Natural Disasters The Cocoanut Grove Fire in Boston Part 1

About the Cocoanut Grove fire in Bostin in 1942, history and account of the tragedy, death, and destruction.



While W.W. II raged on into its second year for the U.S., Boston's "nightclub row" offered tinseled islands of escape to weary war-workers, servicemen, and celebrities. The Cocoanut Grove, oldest and most lavish of the entertainment palaces, consistently harbored throngs beyond its designated capacity. On this November Saturday night, attendance at the Grove set an all-time record. It was the day of the Boston-Holy Cross football game, and by ten o'clock that night, the upstairs dining room and the basement Melody Lounge were crowded with an estimated 800 to 1,000 people.

The floor show was scheduled to begin at 10:15. Just before bandleader Mickey Alpert raised his baton to downbeat "The Star-Spangled Banner," a shrill cry of "Fire!" came from the smoke-filled lounge.

When: Saturday night, Nov. 28, 1942.

Where: Boston, Mass.

The Loss: 491 dead and 150 injured.

The Disaster: Liquor flowed steadily from the bar to the unusually festive guests in the dusky lounge. The guest of honor was cowboy star Buck Jones, who sat with his party of 24 movie dignitaries. He was not destined to be one of the survivors. The simulated-leather walls, gauze-draped ceiling, and ersatz palm trees were supposedly fireproof. There was no sprinkling system. On the 20th, the Grove had been inspected by a veteran of Boston's Fire Prevention Bureau, Lt. Frank J. Linney. In his report he stated: "in my opinion, condition of the premises is good."
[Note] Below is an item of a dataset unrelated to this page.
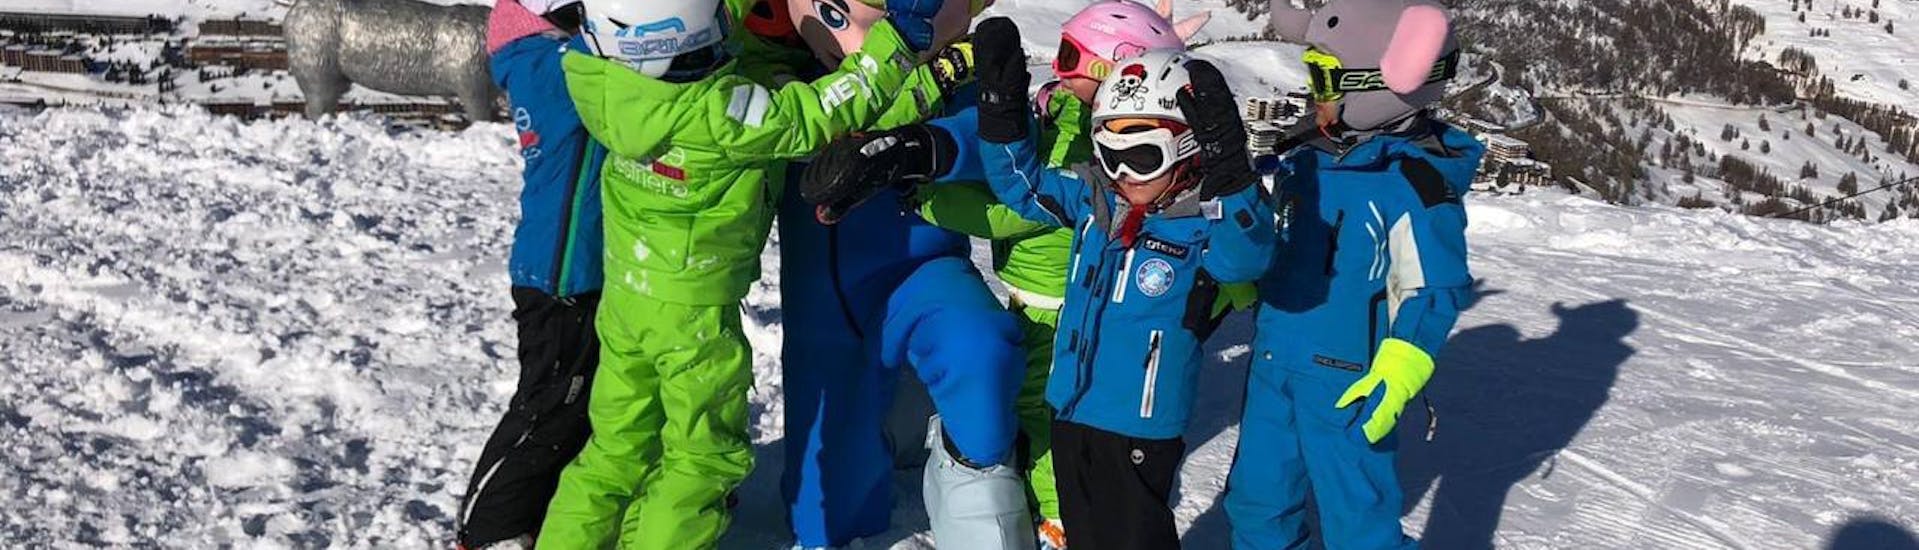 I bambini festeggiano con la mascotte dopo le Lezioni di snowboard per bambini (4-8 anni) per principianti assoluti nella Scuola Sci Vialattea Sauze d'Olux

This, as it turned out, was a brash overstatement. A few minutes after ten on that fateful evening, a guest not satisfied with the degree of darkness surrounding his table unscrewed a light bulb from its half-coconut-shell retainer. Almost immediately the darkened corner was noticed by bartender John Bradley, who sent his barboy, 16-year-old Stanley Tomaszewski, to replace the bulb. After much fumbling in the darkness trying to locate the socket, the boy finally struck a match. A fabric palm leaf burst into flame. In 15 seconds, the Melody Lounge was ablaze and patrons were trampling each other trying to get to an exit.

Men and women were pushed, torn, and trampled in a milling stampede. When firemen arrived, 15 minutes after the alarm had been turned in, bodies were stacked up for 40 ft. behind the revolving door, preventing anyone from leaving or entering. The firemen had to use axes and sledgehammers to get in. The gathering crowd outside watched in horror as those inside suffocated, and, while watching, these onlookers blocked the rescue efforts of police and firemen.